There could be many ways of understanding that. I think the most probable way is in this situation in Lystra when the prophecy was given and duly tested, and the prophecy said Timothy is to go out with Paul and Silas, the elders said, “We endorse him,” Paul said, “I receive him,” and Paul and the elders laid hands on him and imparted to him the charisma of apostleship.
It’s very important to notice that the prophecy was very significant. Either prophecy is significant or it’s a waste of time. In 1 Timothy 1:18 Paul, writing to Timothy, says:
“This charge I commit to you, son Timothy, according to the prophecies previously made concerning you, that by them you may wage the good warfare.”
Now that is a real purpose of prophecy, it’s to encourage a person who’s going to face opposition and know that God has really chosen you. I included this little incident in my book Laying on of Hands and it got here to New Zealand and quite a well known Christian leader in New Zealand whose name I will not mention had a prophecy over him when he was in the United States that said he was to do a certain task. He got very discouraged and he was about to give up and he read this and he said, “I’m going to go by the prophecies.” I’ll tell you who is it, it was (unintelligible) Short (phonetic). This was really one of the things that got him into his ministry which has now affected this nation and many others.
See how significant a prophecy can be if it’s given in the Holy Spirit? I have to tell you, friends, I’m sick of a lot of prophecy. I call it Charismatic fortune-telling. People come in, lay hands on you and say, “You will do this and you will do that.” Maybe, but in most cases it doesn’t happen. There’s a very thin line between prophecy and fortune-telling. You know that fortune-tellers can tell the truth, you know that? In Acts 16 it was a fortune-telling woman who first recognized who Paul and Silas were. Before anybody else in the city of Philippi, she knew these were the servants of the Most High God who show us the way of salvation. And yet, she was a servant of Satan. I just want to warn you of that.
Now, I’ve got to deal, hopefully briefly, with dangers and safeguards. I have only a few moments. Two dangers which are mentioned. First of all, endorsing someone who is unworthy because when you do that and you make a mess, you’re partly responsible for the mess they make.
The second is what I call spiritual contamination. You may lay hands on somebody to pray for deliverance from an evil spirit but you have to know how to protect yourself because it can be a two-way transaction. Either you can impart the Spirit of God or that spirit can affect you, the evil spirit. I remember an occasion when a group of us still in the army laid hands on a man who was suffering from severe depression. We didn’t really have the leading of the Lord, we just did it. Do you know what happened? We all got attacked by depression. We hadn’t protected ourselves.

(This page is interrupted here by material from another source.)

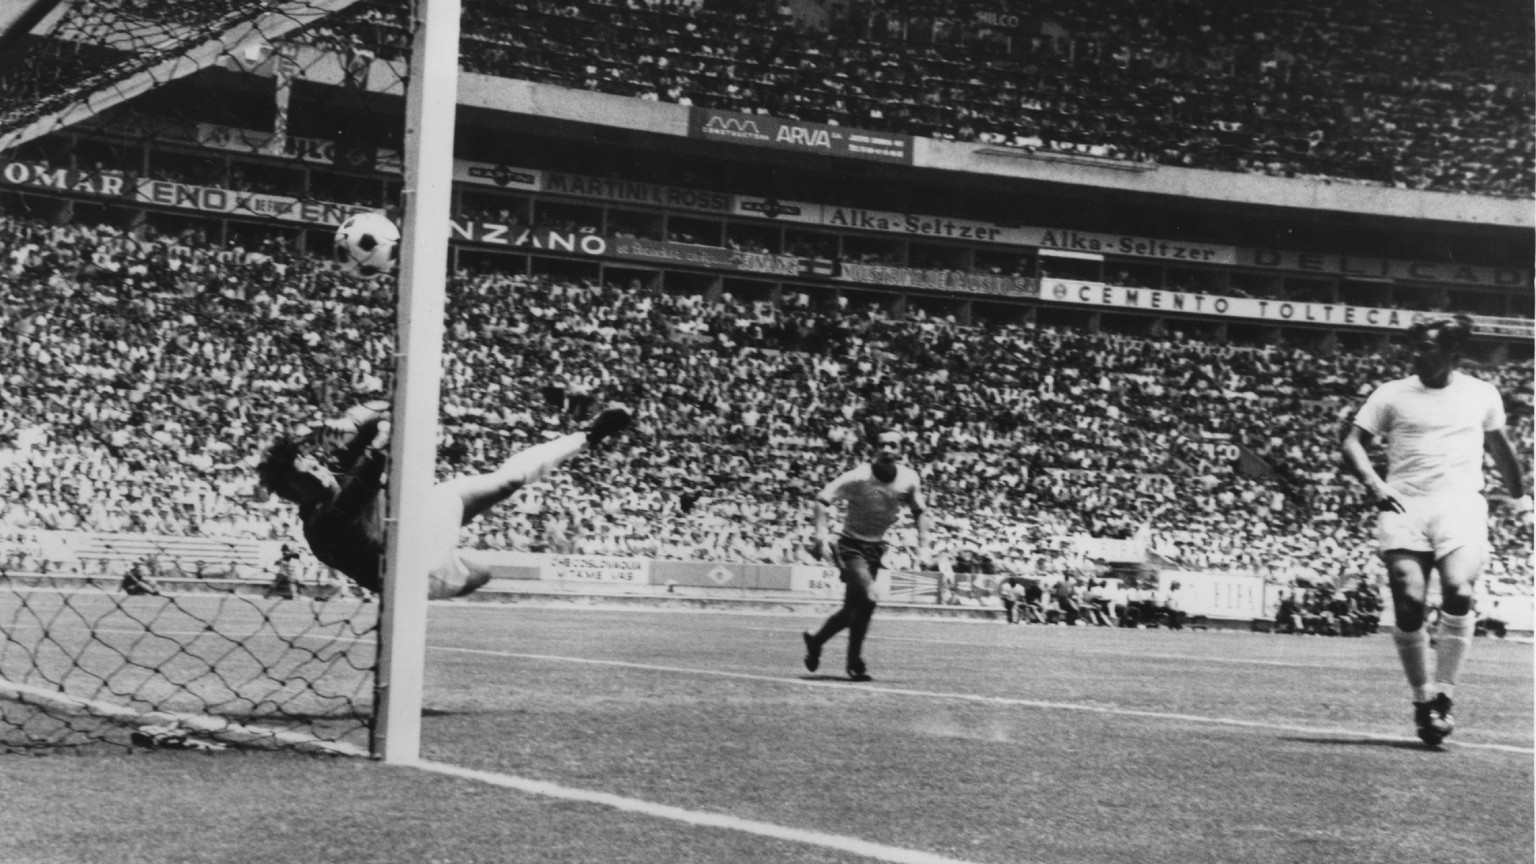 England goalkeeper Gordon Banks makes a remarkable save from a header by Pele of Brazil during their first round match in the World Cup at Guadalajara, Mexico, June 1970. Brazil went on to win 1-0. Ma ...

So, when you lay hands on somebody you need protection. This is how, with prayer and humility. Be directed by the Holy Spirit. “As many as are led by the Spirit of God, they are the sons of God.”
Be protected by the blood of Jesus. Know how to keep yourself under the blood of Jesus.
And bear in mind that Jesus said to His disciples, “I give you authority over all the power of the enemy and nothing shall by any means hurt you.” Amen.